Конец года для меня – традиционно период возникновения трудностей и проблем. Еще летом все было так хорошо, я мечтала о хорошей должности, о романе с роскошным мужчиной, о деньгах и уважении родственников, а теперь сижу в тоске и скуке и не знаю, куда себя деть. Куда спрятаться от чувства, что я дура набитая, которая ни на что не способна, никому не нужна и ничего не может? Машина у меня плохая, только и делает, что жрет деньги. Не прошло и полгода, как она снова начала выдавать мне сюрпризы. Да какие там, на фиг, полгода? Десятого октября машина наотрез отказалась заводиться. Я перегородила полосу на светофоре около «Склифа» и битый час слушала ругань издерганных пробкой водил.

– Что растопырилась, коза?

– Вали отсюда.

– Накупят себе помоек, потом мешают людям ездить.

Я не обращала внимания. Ругаться могут все, а вот взять и отбуксировать меня до сервиса рискнул только один. И то за триста рублей, хотя ехали мы от силы пятнадцать минут. Оказалось, что в машине поврежден датчик впрыска топлива, поэтому она переливает бензин и глохнет. Полдня я искала по магазинам хренулечку размером с булавку, а стоимостью с брильянт.

– Вам, девушка, надо бы и масло поменять.

– Зачем?

– Стучит движок.

– Он же новый!

– А если на таких свечах ездить, то и новый застучит, – утешил меня мастер.

Нет, чудеса отечественного автопрома не для меня. Что делать, я уже привыкла ездить на рынок на колесах, но по-хорошему от такого помощника надо было избавляться, и чем быстрее, тем лучше.

В конце октября в офисе нам объявили радостную новость.

– В связи с изменением рыночной ситуации и расширением клиентской базы руководство приняло решение увеличить минимальный план маклера в отделах вторичного жилья с отметки в пять тысяч за квартал до отметки в семь.

Вот это был удар. Наше общество единоличников забурлило, сплотилось и попыталось бастовать, так как и план в пять штук тянули далеко не все. А вытянуть из москвичей, жаждущих жилищных перемен, семь тысяч могли вообще единицы. Я оставалась в стороне, так как в последнем квартале била все возможные рекорды. К моей обычной норме в шесть-семь тысяч к Новому году добавлялся договор о расселении большой коммунальной квартиры.

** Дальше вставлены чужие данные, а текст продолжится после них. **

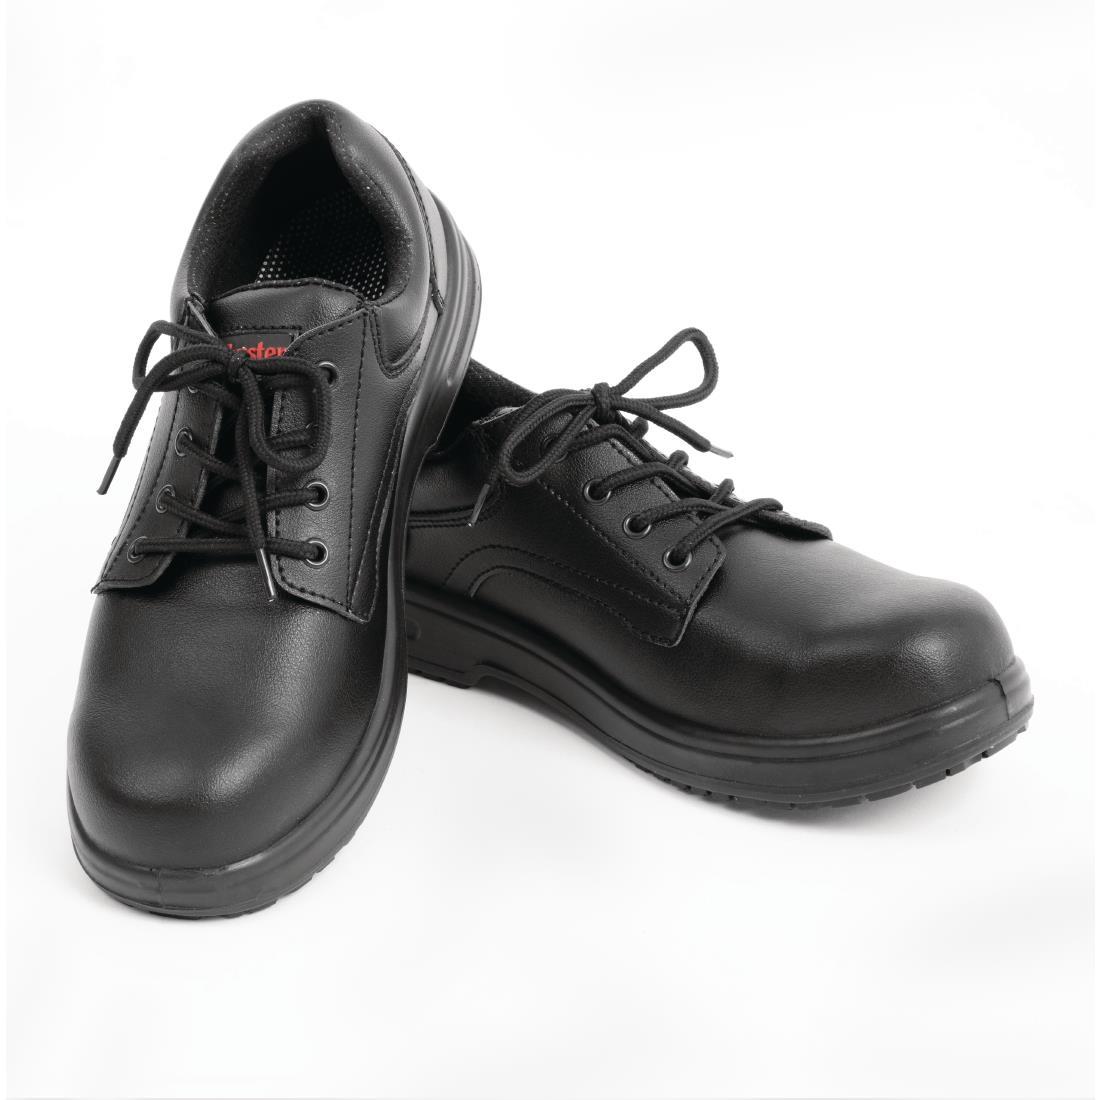 Slipbuster Basic Shoes Slip Resistant Black 36 - BB498-36  - 4
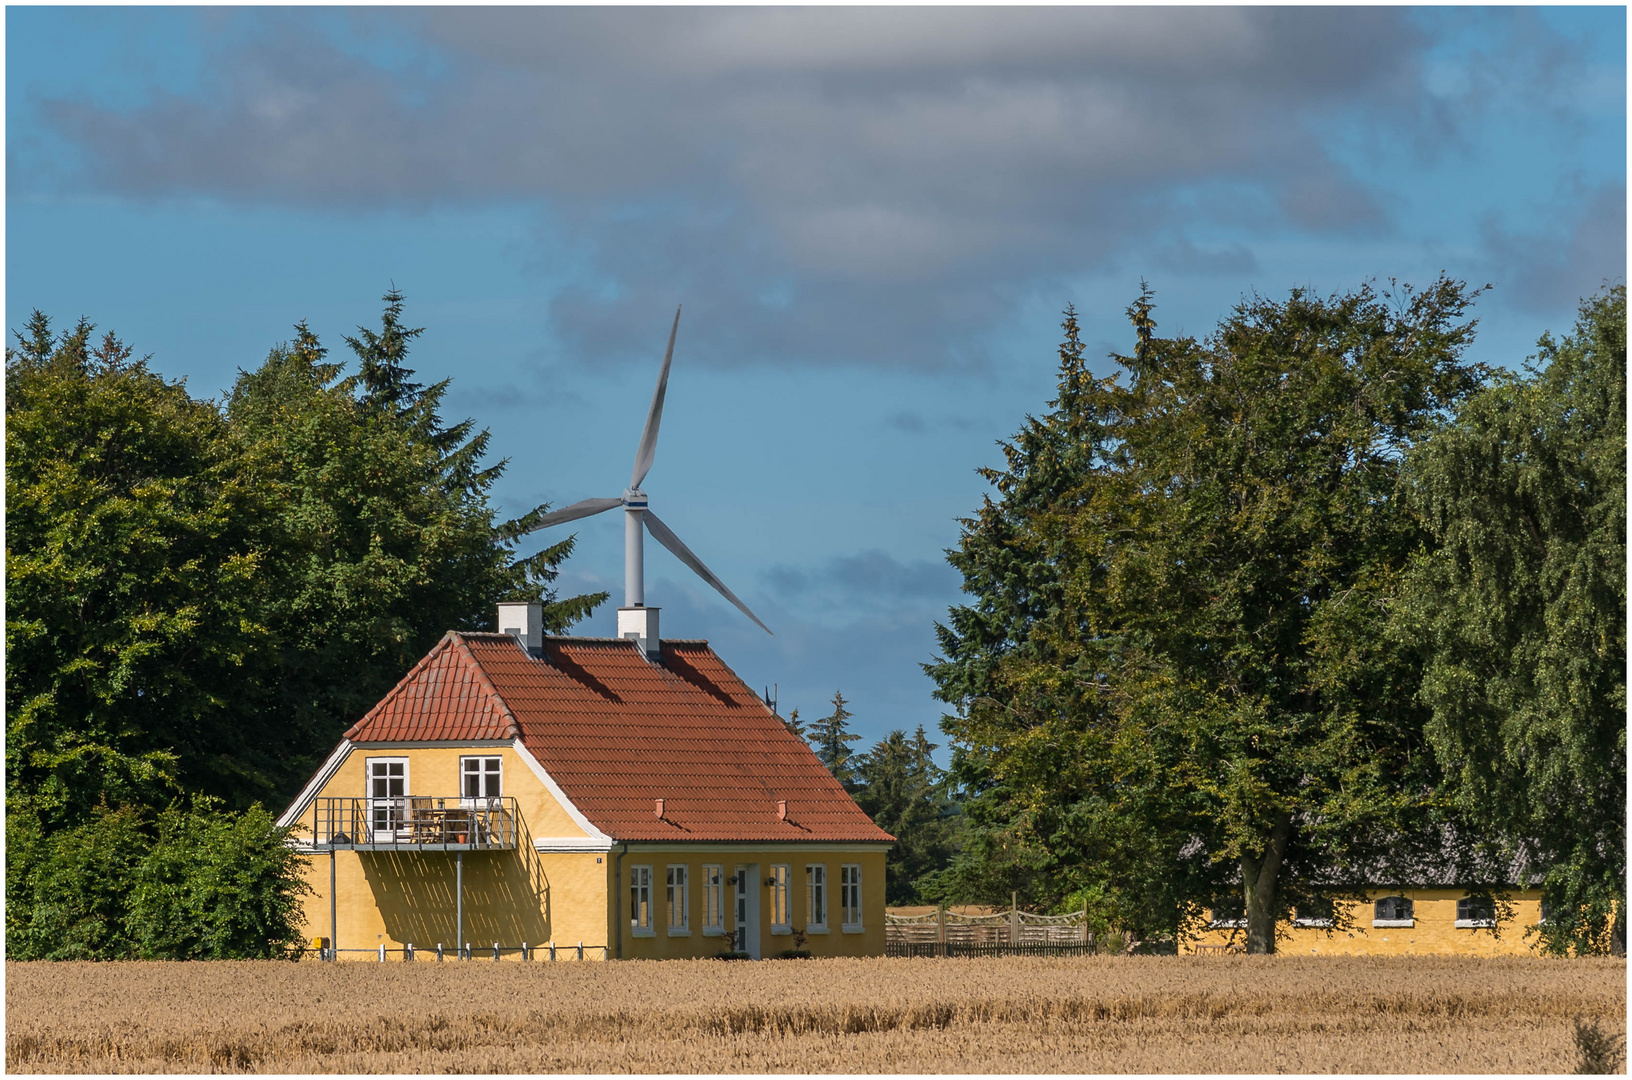 Haus mit Windkraft

Если все сложится. А на благополучный исход указывали и наличие покупателя, и наличие квартир для переезда коммунальщиков, и наличие огромного всепобеждающего желания с их стороны больше никогда не видеть осточертевшие лица друг друга. К тому же все они меня любили, поили чаем и уговаривали не тянуть, а дать им квартиры попроще. В таких условиях было бы странно не завершить дело победой. А в этом случае мой план взлетит до суммы чуть ли не в пятнадцать тысяч, ведь комиссия за расселение составляла около десяти тысяч.

– Хорошо тебе, Олька. Такие бабары срубишь, – страдали сослуживцы и молили милосердного бога обломать мне рога и развалить договор.

– Хорошо, – соглашалась я, но про себя повторяла: «Чур меня, чур. От кого пришло, на того ушло».

Так что повышение плана меня лично не обломало, но в целом рабочая атмосфера затянулась туманом уныния и неверия в себя. Многие начали подумывать о другой работе.

– Зачем они так делают? Ведь поувольняется народ!

– Ну и что? Как будто это кого-нибудь трогает. Наберут других, и все у них будет пучком.